Line by line, set down all the data below exactly, omitting any picture.

- _AVAILABLE DATA_
···

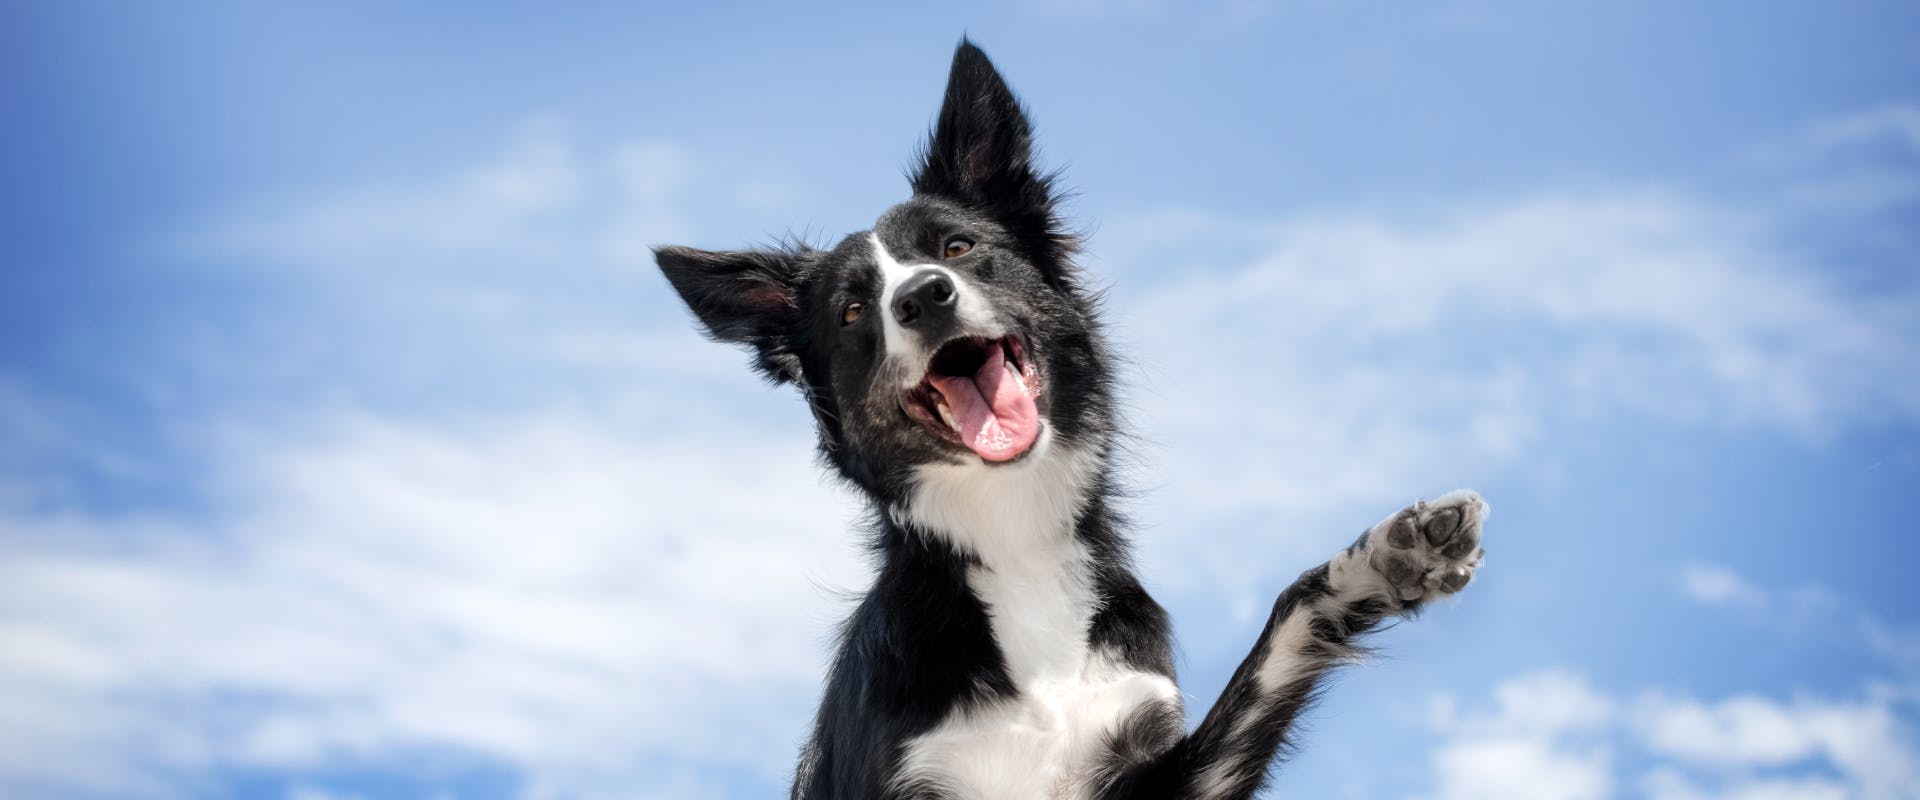 A dog lifts its paw in the air.
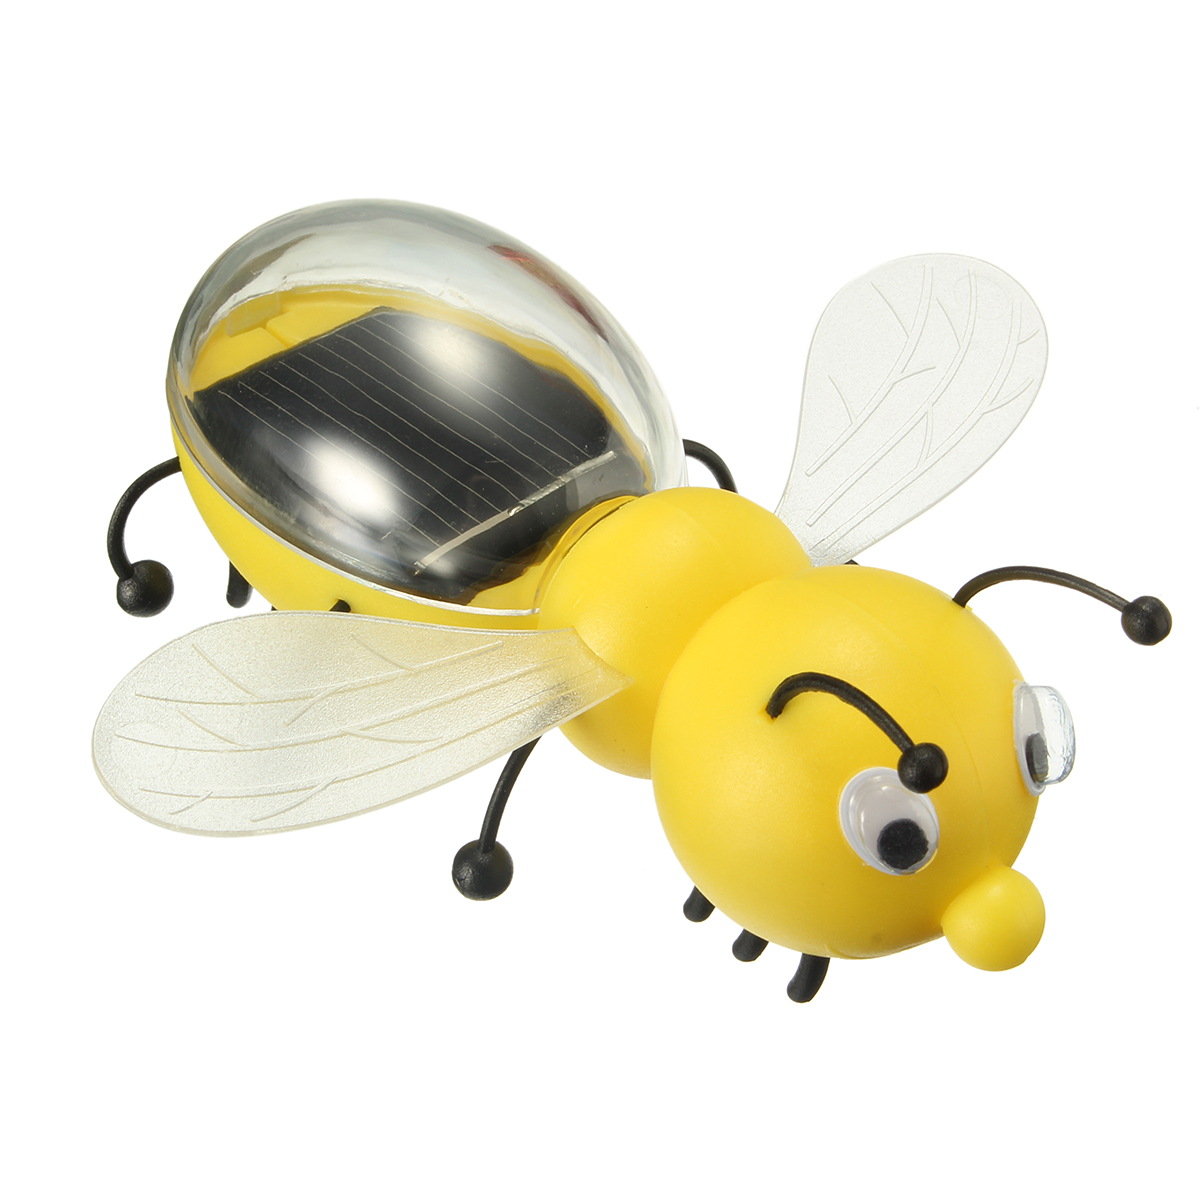 Educational-Solar-Powered-Bee-Ant-Robot-Toy-Gadget-Gift-1965213-1
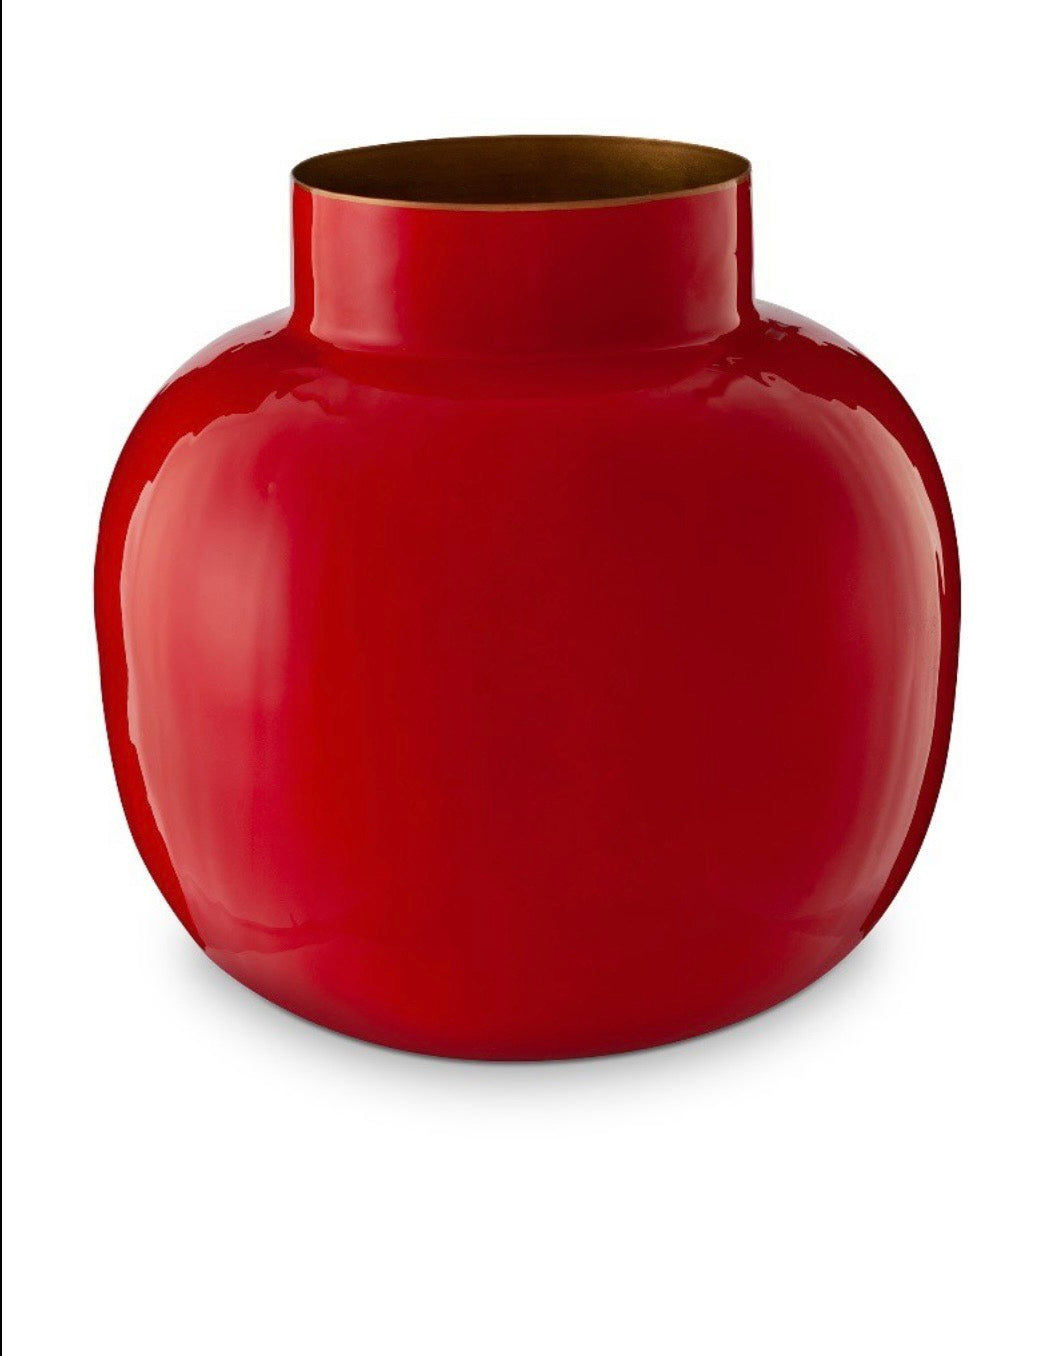 Red lacquered metal vase
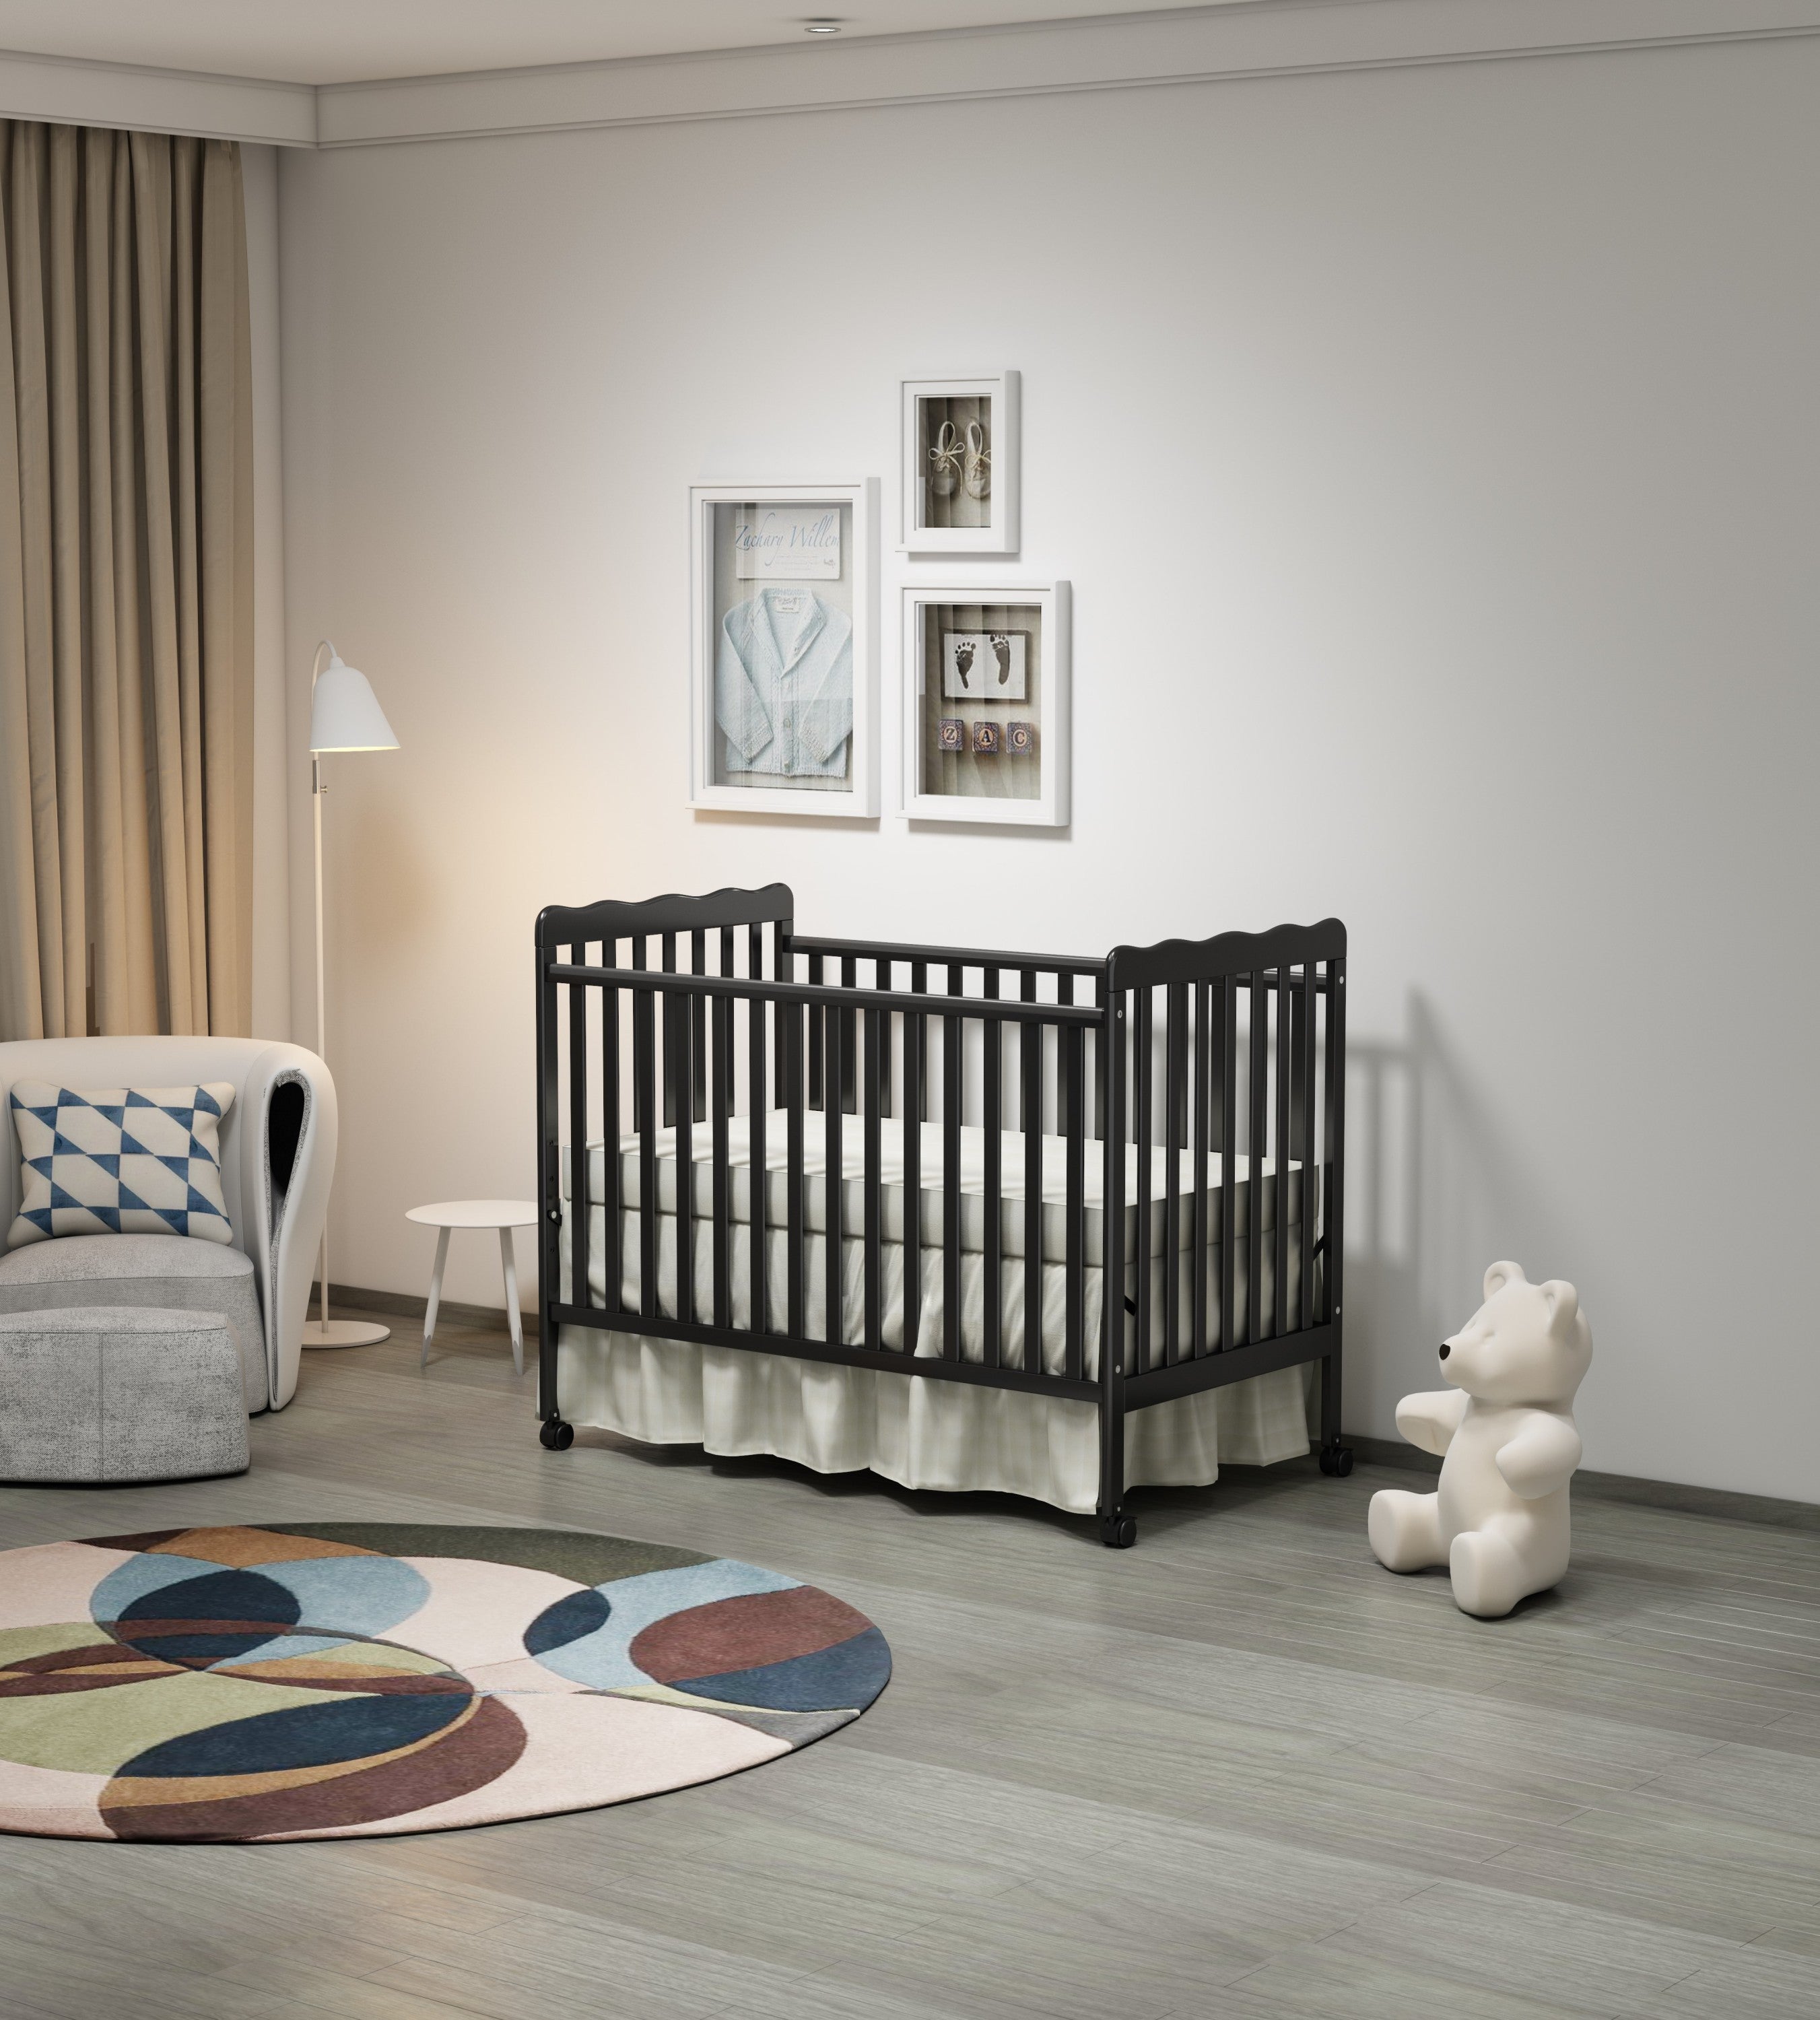 3-In-1 Convertible Crib In Storm BLACK, Made Of Sustainable Pinewood, Non-Toxic Finish, Comes With Locking Wheels, Wooden Nursery Furniture

···

- _ANSWER BELOW_
 A dog lifts its paw in the air.
 Educational-Solar-Powered-Bee-Ant-Robot-Toy-Gadget-Gift-1965213-1
 Red lacquered metal vase
 3-In-1 Convertible Crib In Storm BLACK, Made Of Sustainable Pinewood, Non-Toxic Finish, Comes With Locking Wheels, Wooden Nursery Furniture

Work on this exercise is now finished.